Another less debated example is the famous AlphaGo Zero from DeepMind. This made the headlines in 2017 when it started to learn playing Go by self-play from scratch. Within 1.5 days AlphaGo Zero became stronger than any human player. 1.5 days on google infrastructure that is. Go and AI enthusiasts were keen on reproducing this success but realized that it would take 1700 years to train on commodity hardware. That was followed by an unprecedented effort to join forces across a large online community and build a similar deep network as a distributed effort, Leela Zero.

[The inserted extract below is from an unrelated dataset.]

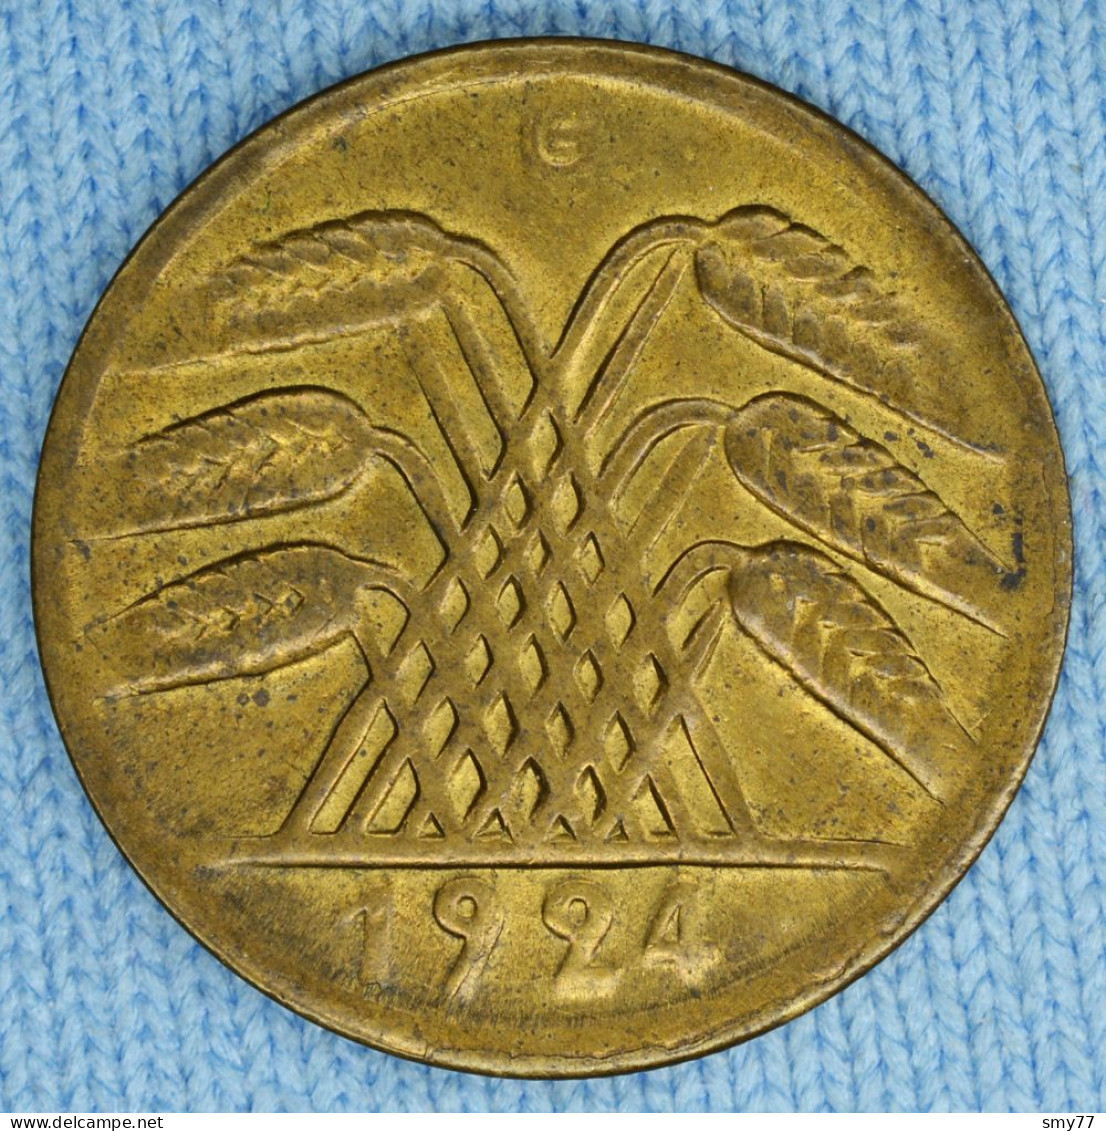 50 Rentenpfennig 1924 G • Keydate • Deutschland - Germany Weimar • Weak Strike • [24-207] - 50 Rentenpfennig & 50 Reichspfennig

Still fine one could say. As long as data and compute power remain at least accessible enough so that larger consortia, collectives, or institutions can retrain those models. But all signs point towards a very near future where even this criteria becomes increasingly difficult to meet. Last week a team from google published their results on a new chatbot, Meena. Their best model was trained on 2,048 TPU v3 cores for 30 days! Taking the current price on the google cloud of 1$/hour for one TPU v3 core (source: google cloud on 04/02/2020), this corresponds to 1,500,000 $, hence by far exceeding what most institutions can afford to spend just for the final model training. The true number of core hours will of course be even larger if we imagine that many training runs are necessary to settle on the final architecture and hyper-parameters. And with more and more refined network architectures and training algorithms, we can expect even more expensive models to appear over the next few years (expensive in terms of budget and energy consumption).
What’s next?
I don’t see a simple remedy to ensure that the most powerful AI tools are not reserved to the few tech giants. One route certainly is the continuous improvement of deep learning algorithms with respect to their efficiency from an energy perspective (an emerging field now is “green AI”). Usually cleverer model architectures and training algorithms will allow for similar or better results with less training and less parameters. Examples from recent years here would be regularization techniques such as “dropout”, or a trend to sparser networks. Unlikely that this would stop the success of computationally expensive, huge, brute-force networks anytime soon. But it might offer good options for following the state-of-the-art with some delay (maybe few years behind “cutting edge”).
Another option worth considering in my eyes, is large-scale public investments in AI compute infrastructure. Say on national, or better even European scale. It would make me much less worried if we wouldn’t have to rely on google, facebook and Co. to release their newest models, and instead had powerful institutions that could provide the research community (and the public) with relevant large-scale models and compute power.
In any case, I believe it is essential to watch this divide closely. Not only because it means that academia and the public risk being outpaced (and thereby potentially missing vital opportunities). I also believe it should be observed and interpreted in the light of what Shoshana Zuboff termed “surveillance capitalism”, which points at a far bigger threat.
Resources/links:
- “Energy and Policy Considerations for Deep Learning in NLP” by Emma Strubell, Ananya Ganesh, and Andrew McCallum.
Great article on cloud compute costs and energy consumption of current state-of-the-art models. - Currently, there are many interesting research projects working on more efficient, more robust, more accessible deep learning techniques. One of them is efficientdeeplearning.nl, which also includes the eScience Center.
- “The Age of Surveillance Capitalism” by Shoshana Zuboff.
Exciting book that adds another facet to the increasing agglomeration of behavioral data and compute power by the big tech companies.